Great, now we’re almost done! The last thing that you have to deal with in any differential equation is getting rid of any lingering \(C\) The way that we do this is through Initial Conditions. Initial conditions allow us to plug in predetermined values for \(Q\) and \(t\) that reveal the value of \(C_2\). If you take a close look at the problem, you might notice that the wording for Part A gives us an initial condition right away. Let’s use it to find \(C_2\):

From this phrasing, and our equation: \(Q(t)=C_{2} e^{-r t}\), we get:

$$Q(0)=C_{2} e^{-r(0)}=C_{2}=100 \mathrm{mg}$$

And there you have it. Now that we know \(C_2\), we can write our solved differential equation.

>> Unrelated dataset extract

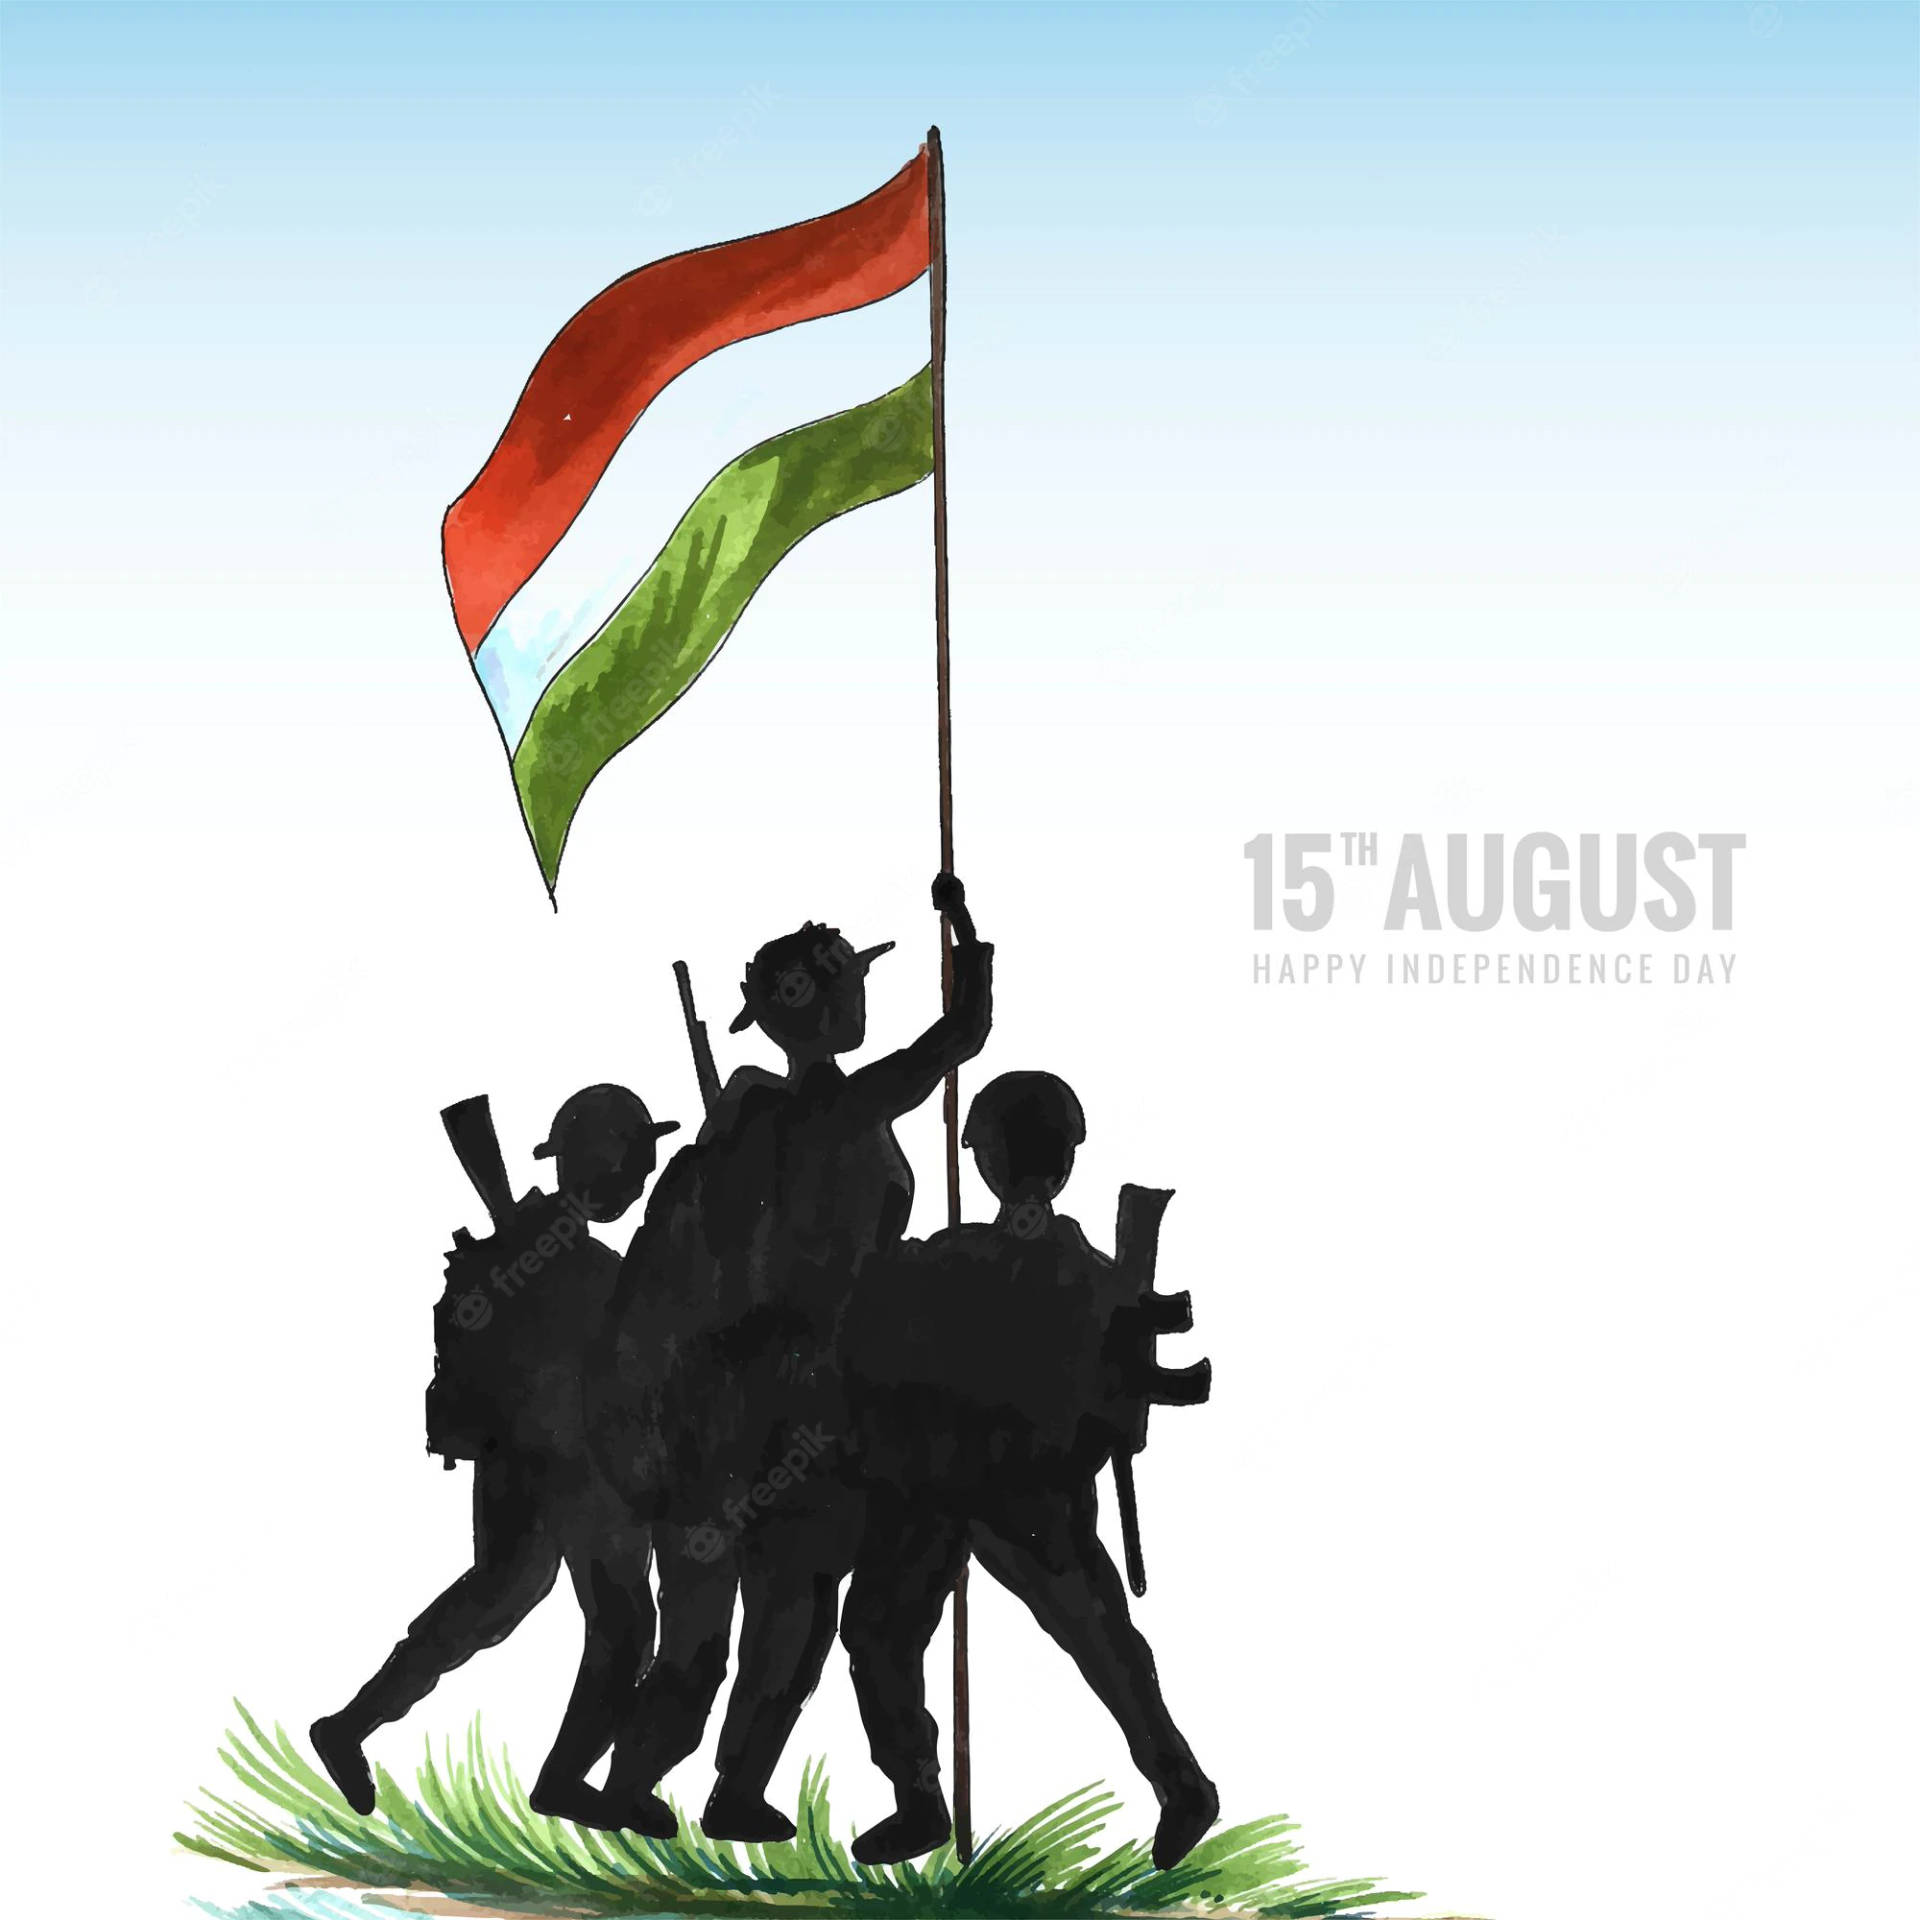 Indian Soldiers Independence Day Cartoon Wallpaper

$$\boldsymbol{Q}(\boldsymbol{t})=\mathbf{1} \mathbf{0} \mathbf{0} \boldsymbol{m} \boldsymbol{g} * \boldsymbol{e}^{-\boldsymbol{r} t}$$

I know I haven’t solved any of Parts A-D yet, but now that you have the finished equation, they will basically solve themselves! Here we go:

Part A

Here we are asked to find \(r\) if \(Q(1 week) = 84 \mathrm(mg)\). Let’s plug it in:

$$\begin{array}{c}{Q(1)=84 m g=100 m g * e^{-r}} \\ {e^{-r}=0.84} \\ {r=-\ln (0.84)=0.1744}\end{array}$$

To make sure that units are consistent, the units of \(r\) must be \(\frac {1} {weeks}\). Otherwise, \(e^{-rt}\) would have non-cancelling units, and that would be awkward.

Part B

Screen Shot 2019-04-11 at 2.04.00 AM.png

We practically already solved this one; just plug in \(r\) from Part A:

$$Q(t)=100 m g * e^{-0.1744 t}$$

Part C

Screen Shot 2019-04-11 at 2.04.37 AM.png

This time, we’re looking for \(t\) when \(Q(t) = 50mg \). Again, just plug it in:

\begin{array}{c}{Q(t)=50 m g=100 m g * e^{-0.1744 t}} \\ {e^{-0.1744 t}=0.5} \\ {t=-\frac{\ln (0.5)}{0.1744}=3.974}\end{array}

Quick, what units does \(t\) have? Hopefully you said “weeks”. We have to remain consistent with our given values.

Part D

Screen Shot 2019-04-11 at 2.05.34 AM.png

The only tricky thing going on here is labelling the two points. We know 3 points easily: \(Q(0)=100 m g, Q(1)=84 m g\), and \(Q(3.974)=50 m g\). If you want to be fancy you include: \(Q\left(\frac{1}{0.1774}\right)=\frac{100}{e} m g\), or \(Q(2 * 3.974)=25 m g\). The following graph is a reasonable solution:

What Did We Learn?

Aside from how to solve the above problem, we learned two important things today: first of all, that solving a differential equation should always be your first step in tackling a problem, regardless of how many parts the question has. Additionally, we learned that the equation [ \(Q=Q_{0} * e^{-r t}\) ] is the ultimate solution to exponential decay problems—problems in which the rate of change of a substance, \(\frac{d Q}{d t}\), is proportional to how much of that substance you have. When I was given this equation in high school, I didn’t understand why we used the natural number \(e\). But knowing that the equation represents the general case of this differential equation completely explains why mathematicians prefer it over all other potential solutions for such a problem.